7. Puasa pada bulan Harom (bulan yang dihormati) yaitu bulan Dzulqa’dah, Dzulhijjah, Muharrom, dan Rojab. Dianjurkan untuk memperbanyak amal ibadah pada bulan-bulan tersebut termasuk ibadah puasa.
8. Puasa Senin dan Kamis. Namun tidak ada kewajiban mengiringi puasa hari Senin dengan puasa hari Kamis atau sebaliknya. Keduanya merupakan hari di mana amal-amal hamba diangkat dan diperlihatkan kepada Alloh.
9. Puasa tiga hari setiap bulan. Disunnahkan untuk melakukannya pada hari-hari putih (Ayyaamul Bidh) yaitu tanggal 13, 14, dan 15 setiap bulan. Sehingga tidaklah benar anggapan sebagian orang yang menganggap bahwa puasa pada harai putih adalah puasa dengan hanya memakan nasi putih, telur putih, air putih, dsb.
10. Puasa Dawud, yaitu puasa sehari dan tidak puasa sehari. Keutamaannya adalah karena puasa ini adalah puasa yang paling disukai oleh Alloh (HR. Bukhori-Muslim).
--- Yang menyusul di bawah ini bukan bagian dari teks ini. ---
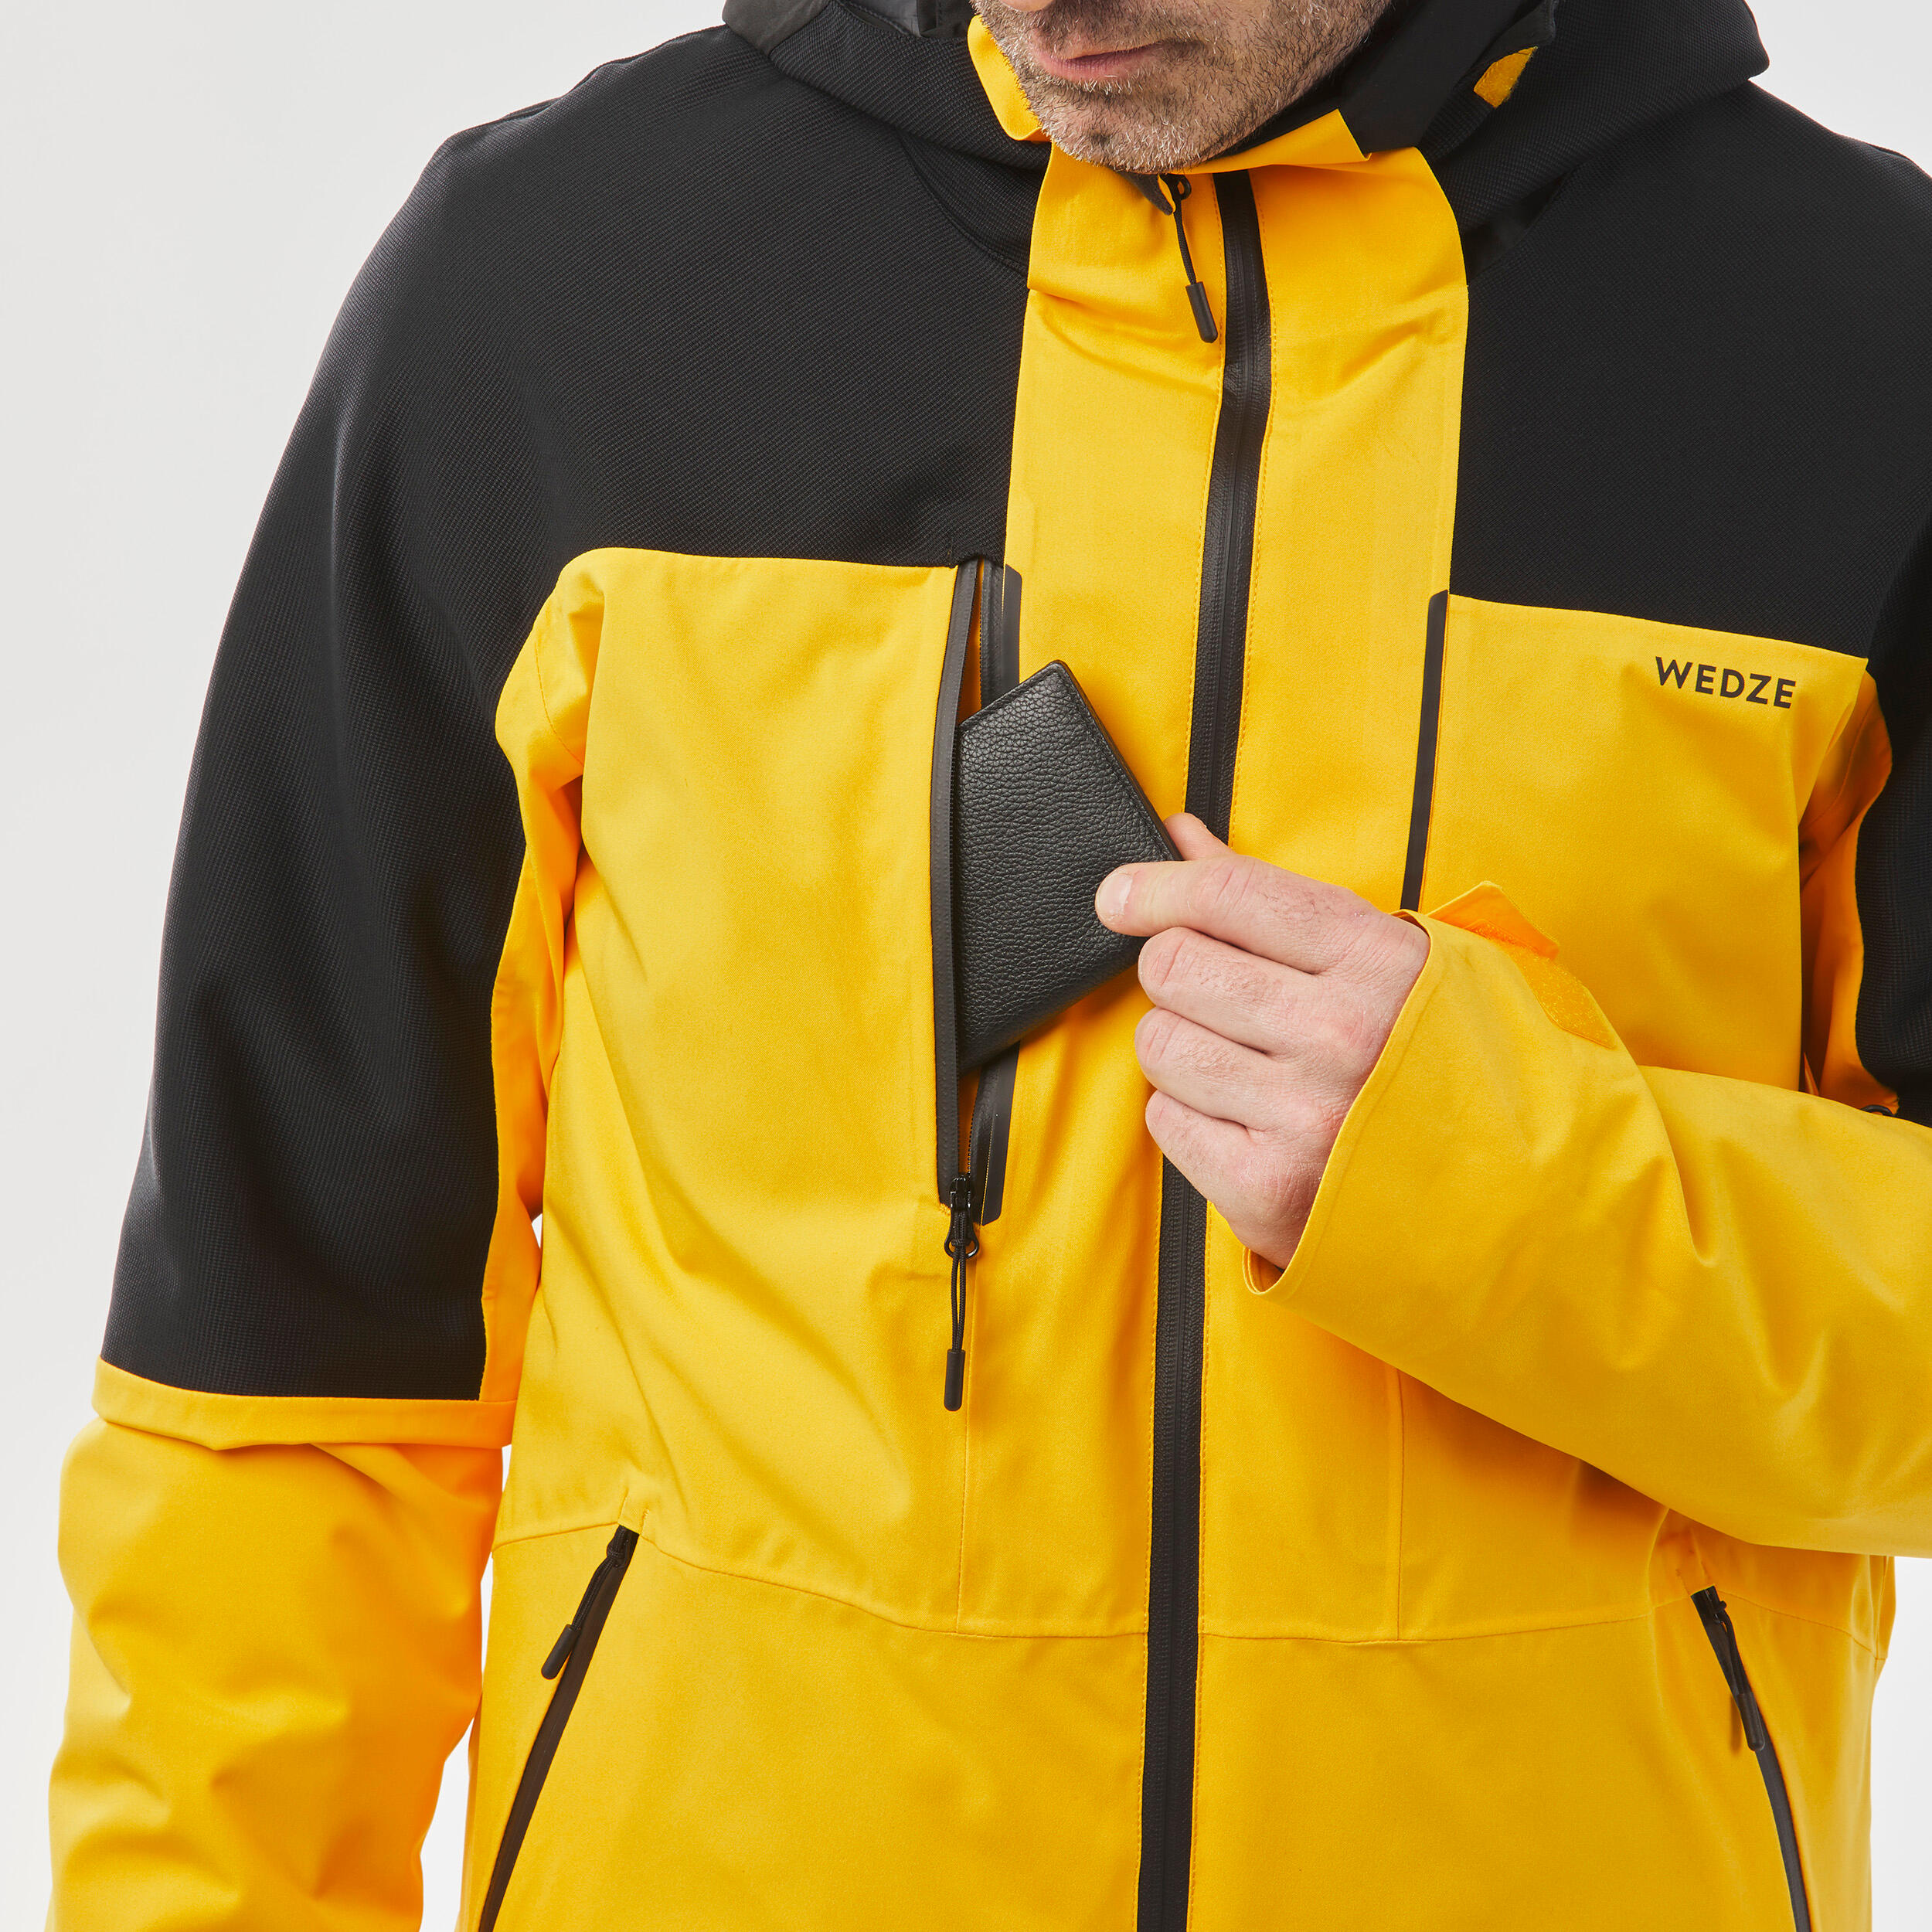 Men's Ski Jacket - 500 SPORT - Yellow/Black WEDZE
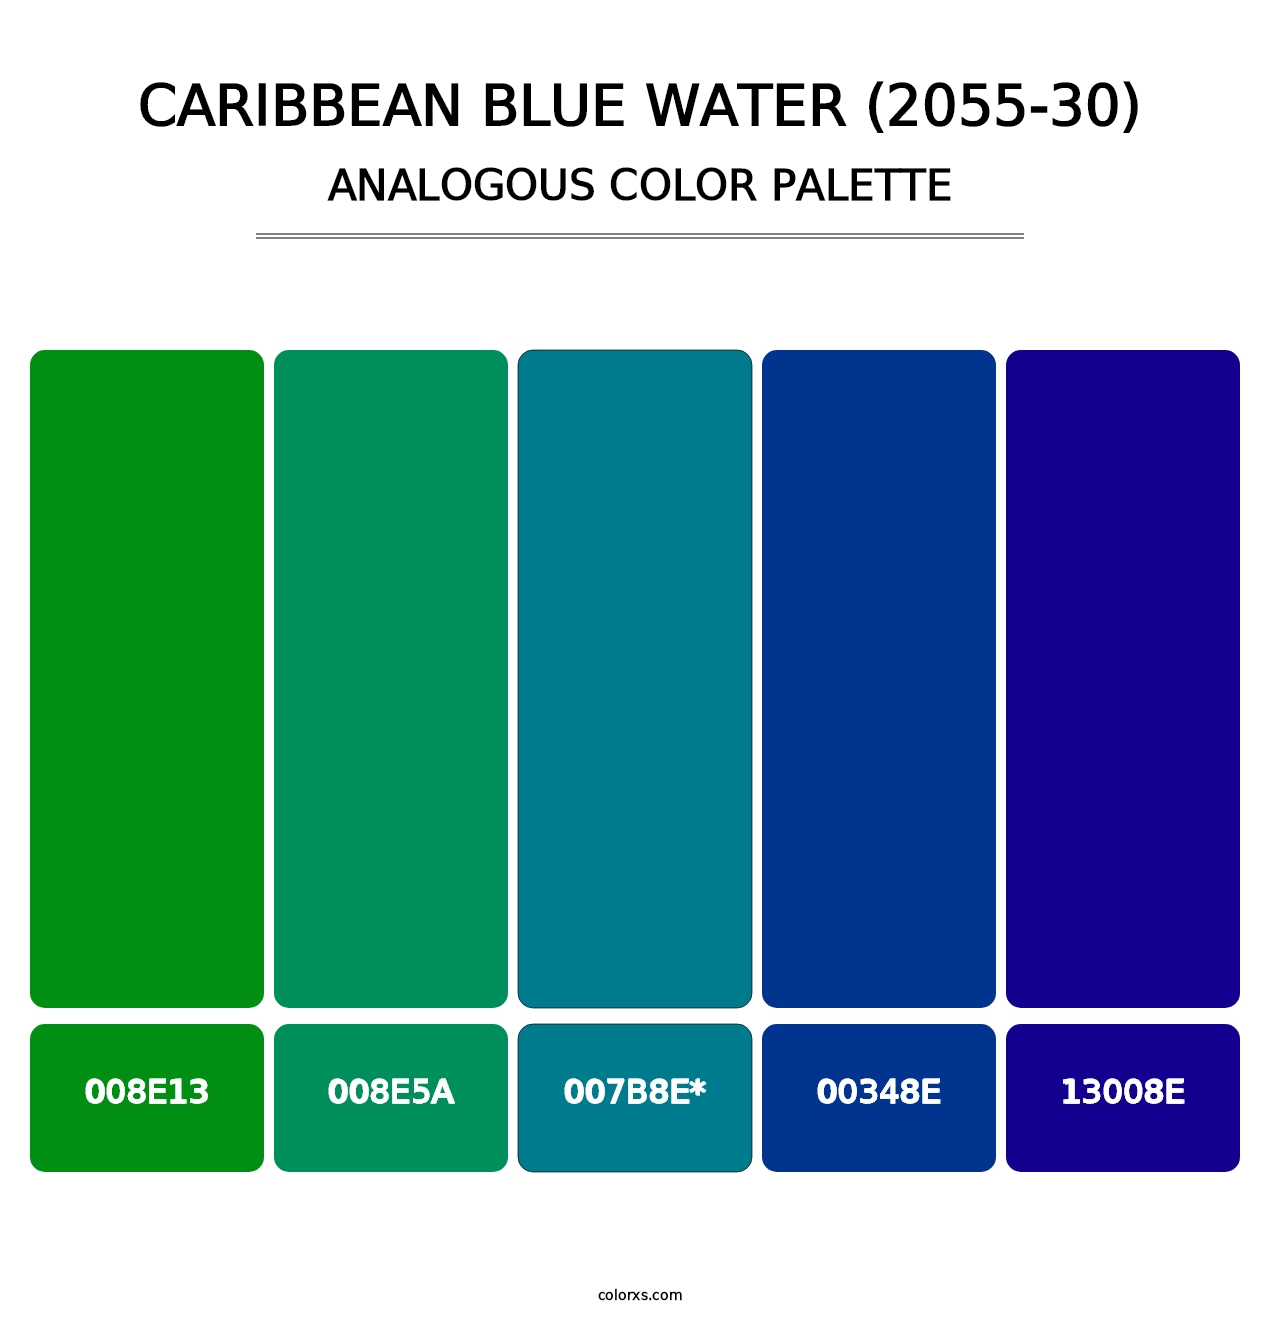 Caribbean Blue Water (2055-30) - Analogous Color Palette

J. Hal-Hal yang Dianggap Membatalkan Puasa
Ada sejumlah persoalan yang sering menjadi perselisihan di antara kaum muslimin seputar pembatal-pembatal puasa. Di antaranya memang ada yang menjadi permasalahan yang diperselisihkan di antara para ulama, namun ada pula hanya sekedar anggapan yang berlebih-lebihan dan tidak dibangun di atas dalil.
Melalui tulisan ini akan dikupas beberapa permasalahan yang oleh sebagian umat dianggap sebagai pembatal puasa namun sesungguhnya tidak demikian. Keterangan-keterangan yang dibawakan nantinya sebagian besar diambilkan dari kitab Fatawa Ramadhan -cetakan pertama dari penerbit Adhwaa’ As-salaf- yang berisi kumpulan fatwa para ulama seperti Asy-Syaikh Ibnu Baz, Asy-Syaikh Al-‘Utsaimin, Asy-Syaikh Shalih Al-Fauzan, dan lain-lain rahimahumullahu ajma’in.
Di antara faidah yang bisa kita ambil dari kitab tersebut adalah:
1. Bahwa orang yang melakukan pembatal-pembatal puasa dalam keadaan lupa, dipaksa, dan tidak tahu dari sisi hukumnya, maka tidaklah batal puasanya.
2. Orang yang muntah bukan karena keinginannya (tidak sengaja) tidaklah batal puasanya.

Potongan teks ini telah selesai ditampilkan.